Now it’s time to get your model online and ready for predictions. The model version requires a few components as specified [here](https://cloud.google.com/ml-engine/reference/rest/v1/projects.models.versions#Version).

* __name__ - The name specified for the version when it was created. This will be the `VERSION_NAME` variable you declared at the beginning.
* __deployment Uri__ (curl) or __origin__ (gcloud) - The Google Cloud Storage location of the trained model used to create the version.

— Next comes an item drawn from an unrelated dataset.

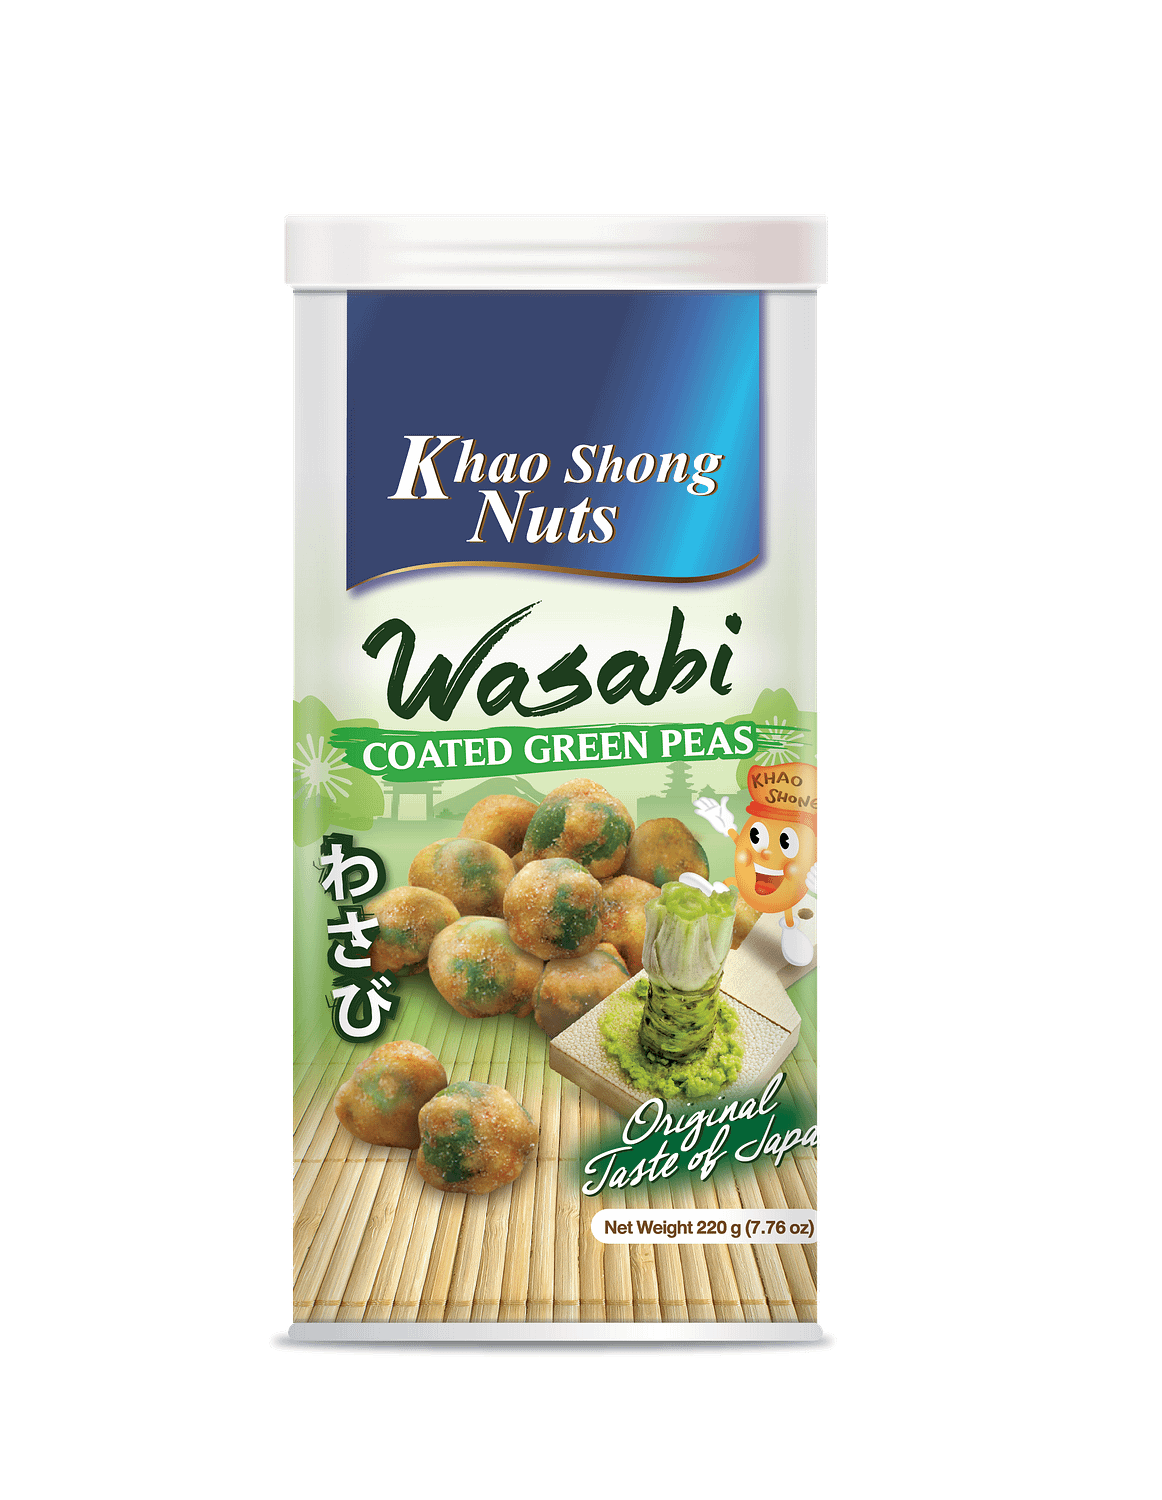 Khao Shong Nuts - Wasabi Coated Green Peas

This is the bucket that you uploaded the model to with your `BUCKET_ID`
* __runtime__ version - The Google Cloud ML runtime version to use for this deployment. This is set to 1.4
* __framework__ - The framework specifies if you are using: `TENSORFLOW`, `SCIKIT_LEARN`, `XGBOOST`. This is set to `SCIKIT_LEARN`

Note: It can take several minutes for you model to be available.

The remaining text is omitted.